OSA Levitated Optomechanics Incubator Part 2
By James Millen
The participants arrived bright and early to enjoy the second day of the OSA Incubator on Levitated Optomechanics. The meeting so far has strongly focussed on studying quantum physics using our levitated systems. We were reminded by James Millen from the University of Vienna, Austria, that there is a lot more physics going on, such as fluid dynamics and thermodynamics, and pointed us towards quantum thermodynamics. Jan Gieseler from Harvard University, USA, showed us his beautiful work on thermodynamics with levitated nanospheres in the underdamped regime. Understanding thermodynamics and heating in optomechanical systems is quite important, and Tongcang Li from Purdue University, USA, talked us through heating issues in levitated nanodiamonds.
The field of quantum optomechanics normally considers cavity optomechanics, which means using an optical cavity to boost the matter-light interaction. Our final session considerd future directions, and Brandon Rodenburg from the University of Rochester discussed how we could reach the quantum level without having to use complicated, high-Finesse optical cavities. What has been missing is a quantum description of feedback cooling, and his work provided it. Optical cavities can also be enhanced by using other trapping techniques, and Tania Monteiro from University College London, UK, explained how an electric Paul trap can be used to boost cooling.

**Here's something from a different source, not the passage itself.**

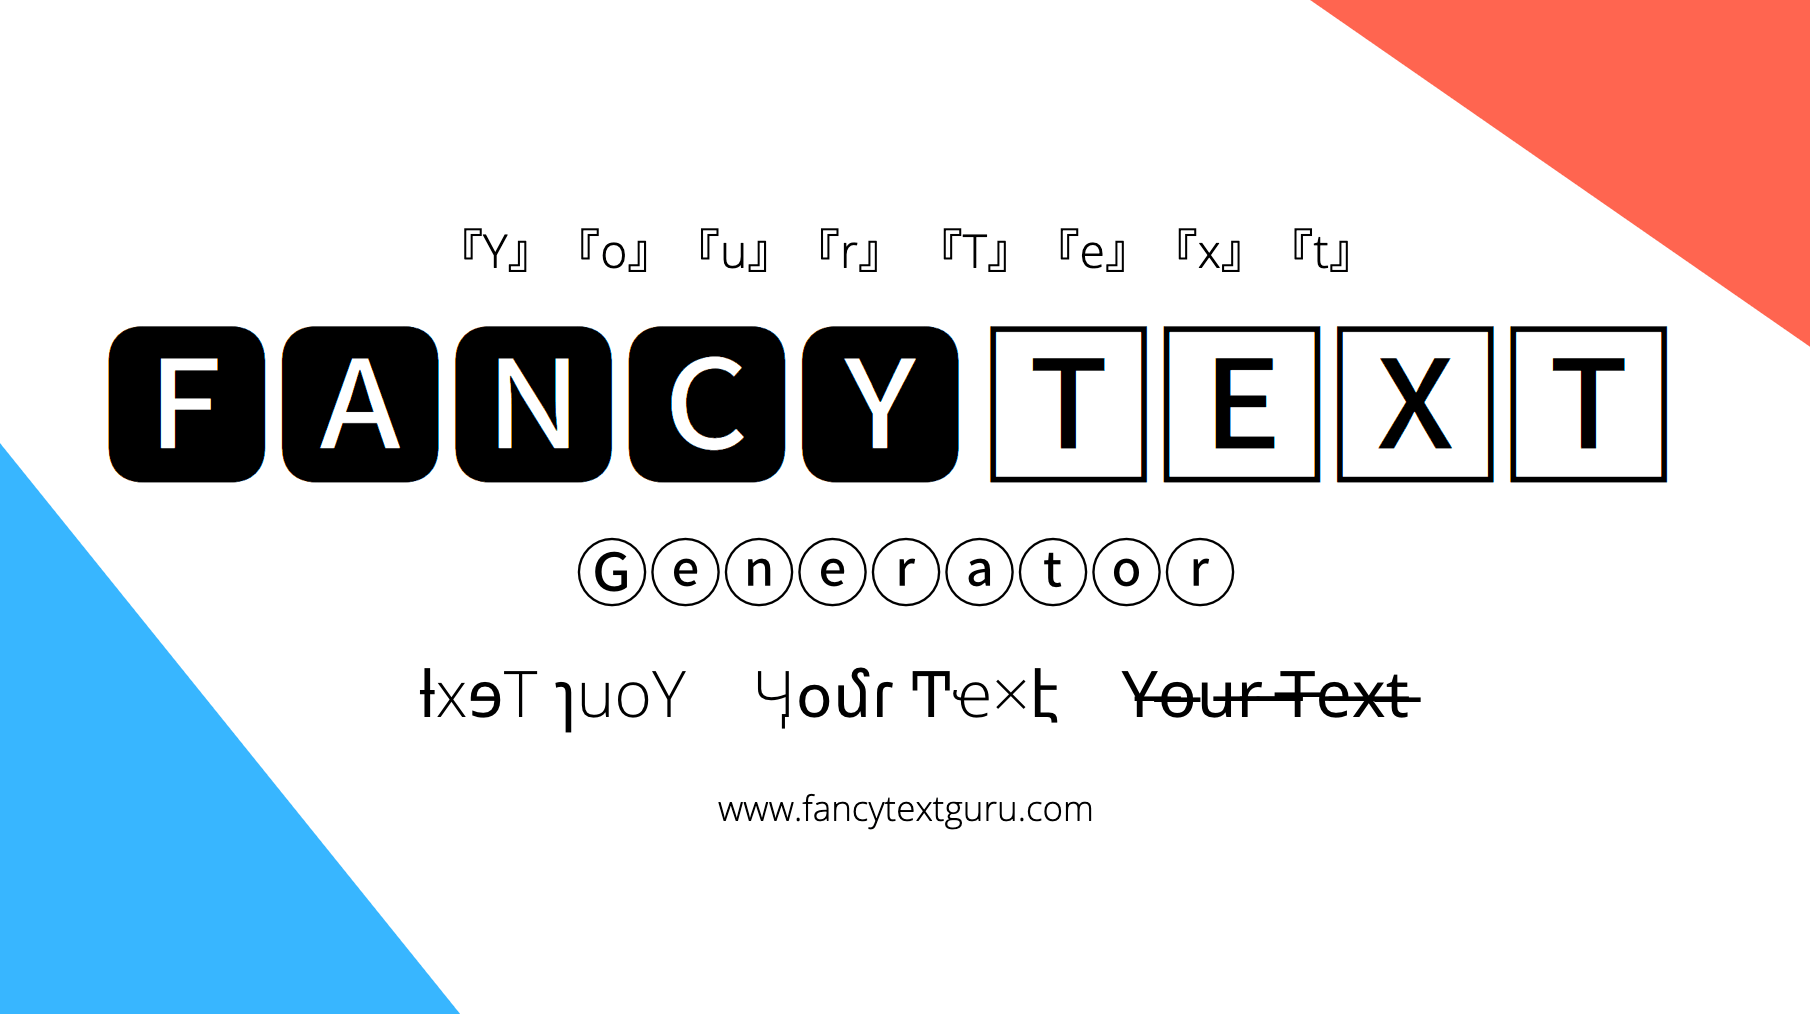 ⚡ Fancy Text Generator ➜ #𝟙😍 ℭ𝔬𝔬𝔩 & Ⓢⓣⓨⓛⓘⓢⓗ 𝙁𝙤𝙣𝙩𝙨

Hybrid systems are a hot topic in quantum technologies, and we should always consider borrowing techniques from as many fields of science as possible!
We finished the meeting with a discussion of controlling mirrors in space by Grover Swartzlander from the Rochester Institute of Technology, USA. This is an unusual optomechanical system, and he has considered a new way of using an “optical slingshot” to stabilize an array of mirrors which are free in space, to help enable a future generation of space-based telescopes.
To wrap up, this OSA Incubator has come at the perfect time for the field, and everyone has expressed the impressive progress in the field of Levitated Optomechanics, and the whole community will leave full of new ideas.